Let $D^n$ denote the closed unit ball in $\Bbb R^n$. In multiple sources proving Brown's generalized Schoenflies theorem (including a version in the original paper), the following consequence of Brouwer's invariance of dimension is stated without proof.
If $f: D^n \rightarrow D^n$ with only one non-singleton inverse set $f^{-1}(y)$ disjoint from the boundary, then $y$ is in the interior of the image of $f$.
I am at a loss as to how to go from invariance of dimension to this.

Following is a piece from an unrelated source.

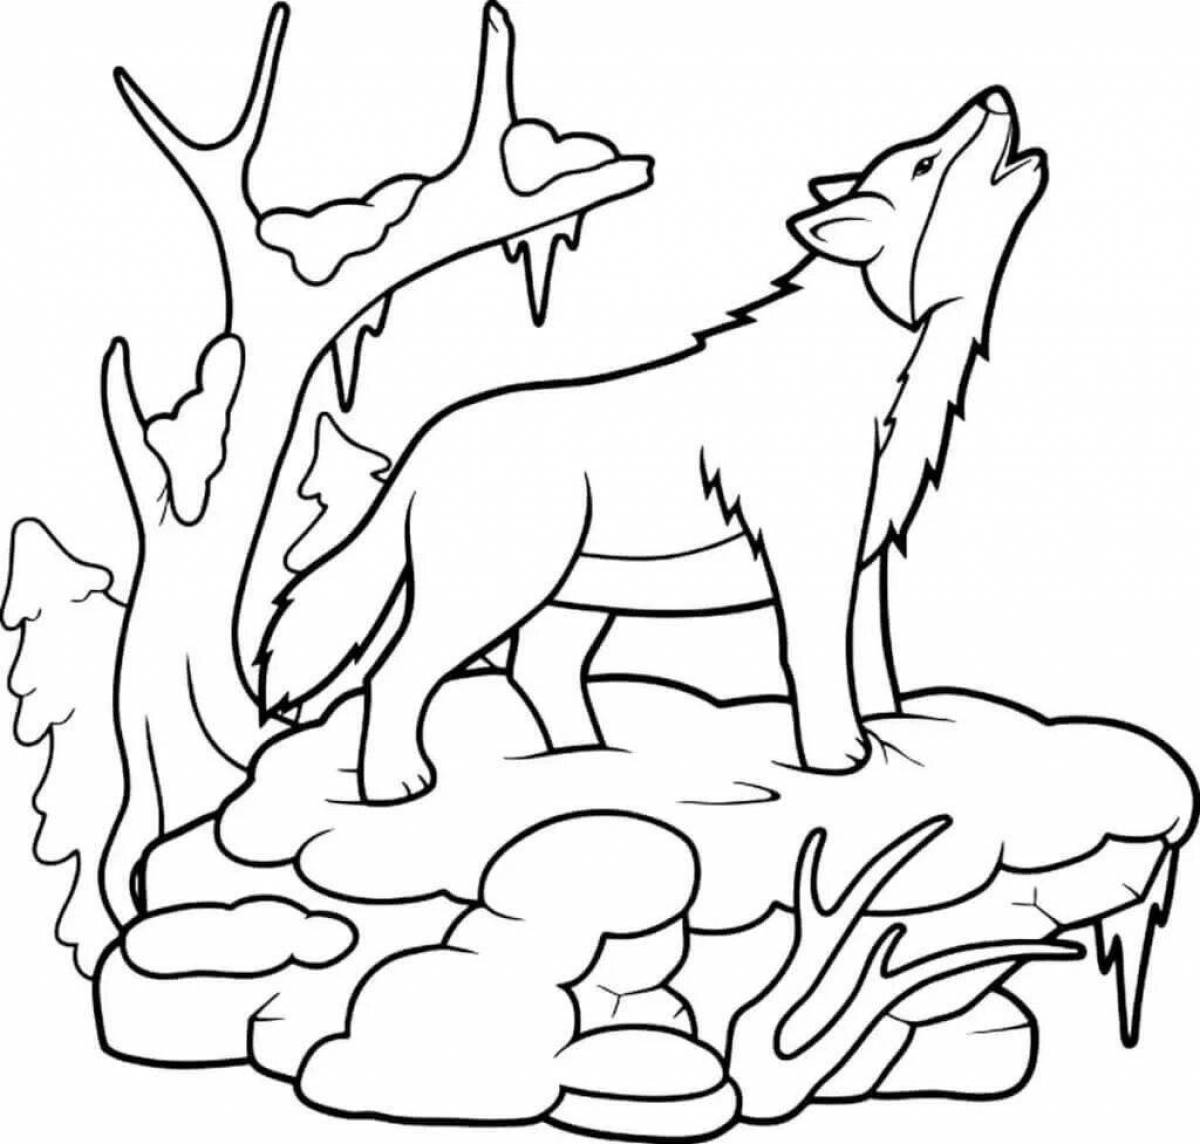 Great winter animal coloring book for kids
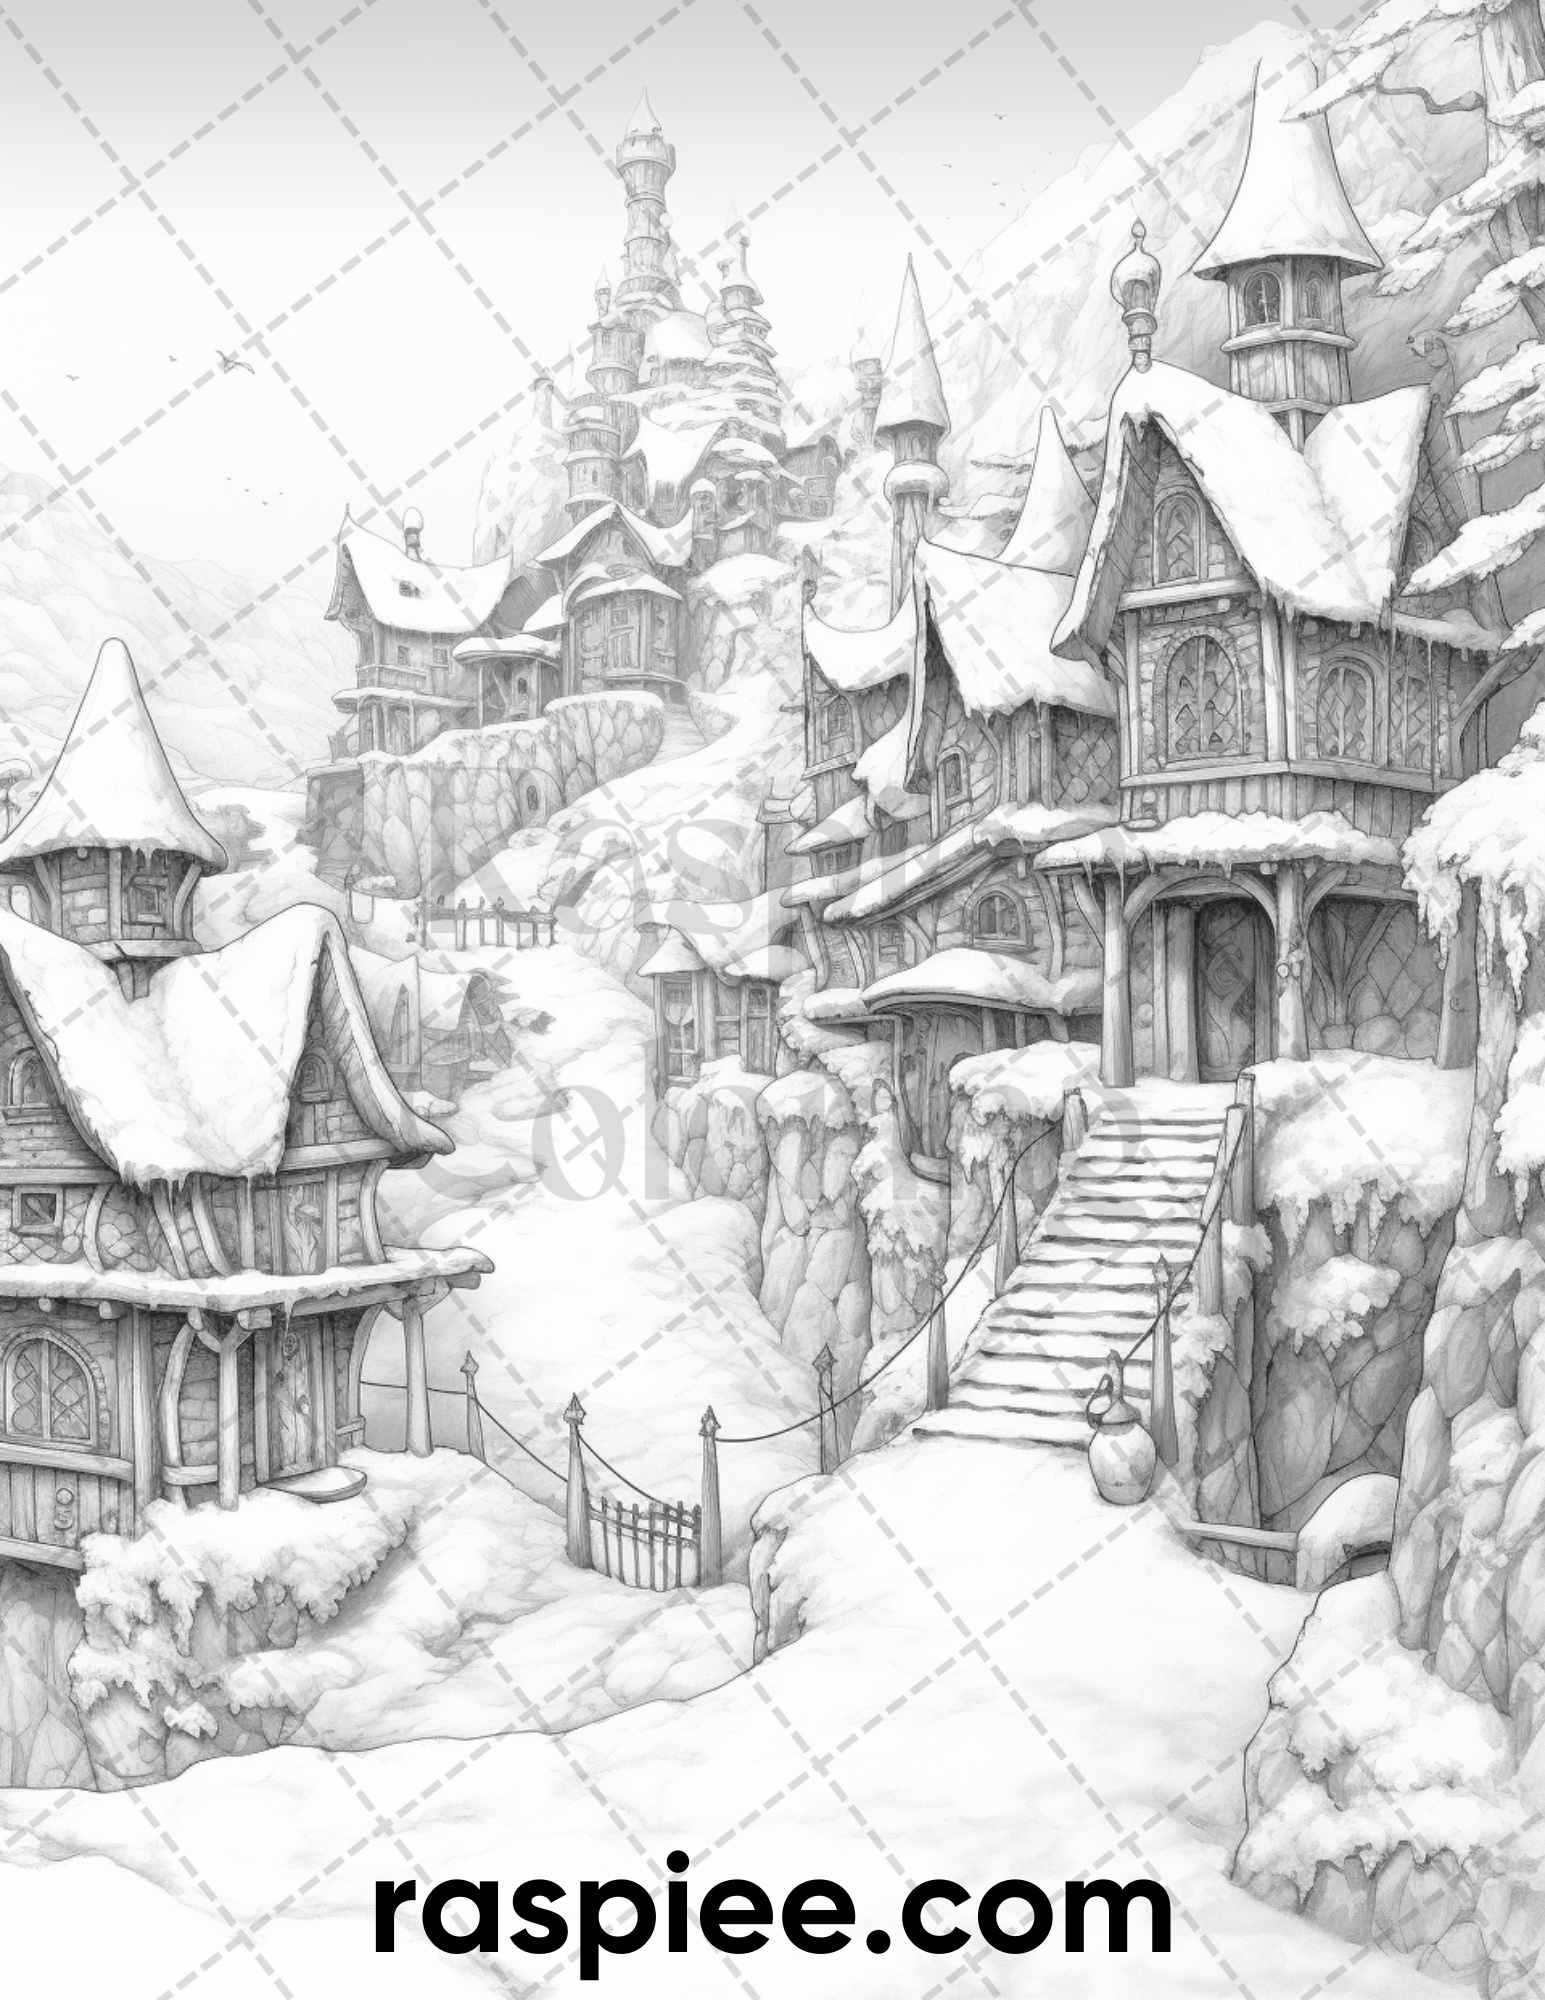 Winter Village Coloring Page, Fantasy Adult Coloring Illustration, Grayscale Coloring Sheet, Detailed Coloring Artwork, Relaxing Coloring Activity, Instant Download Coloring Print, Winter Landscape Coloring Pages, Holiday Coloring Book Page, DIY Coloring Gift Idea, Christmas Coloring Pages, Stress-Relief Coloring Page, Winter-Themed Coloring Printable, Fantasy Coloring Pages

EDIT: I just went through the proof of generalized Schoenflies in Bing's book, and he doesn't makes use of this fact. I'm still interested how one proves this from invariance of dimension (or using similar homological techniques as such).
The invariance of domain theorem states that if $U$ is an open domain of $\mathbb R^n$ and $f:U\to\mathbb R^n$ is continuous and injective, then $f$ is open and in fact $f$ is an homeomorphism. See here.
Now we come to the question.
By continuity, $f^{-1}(y)$ is closed. Let $U=int(D^n)\setminus f^{-1}(y)$. $U$ is not empty otherwise $f(D^n)=y$ and therefore $f^{-1}(y)$ contains the boundary of $D^n$.
So $f(U)$ is open and homeomorphic to $U$. By definition, there is a sequence $u_n\in U$ so that $u_n\to f^{-1}(y)$. This provides a sequence $z_n=f(u_n)$ in the interior of the image of $f$ so that $z_n\to y$.
If $y$ is not an interior point, there is a second sequence of points $w_n\to y$ not in the image of $f$. Let $\gamma_n$ be an arc between $z_n$ and $w_n$ wich do not contains $y$. $f^{-1}(\gamma)$ must contain a point of $\partial D^n$. So we have that there is $x_n\in\partial D^n$ so that $f(x_n)\to y$. $x_n$ has an accumulation point $x\in\partial D^n$ and by continuity $f(x)=y$. Thus, if $y$ is not an interior point, then $f^{-1}(y)$ intersects the boundary.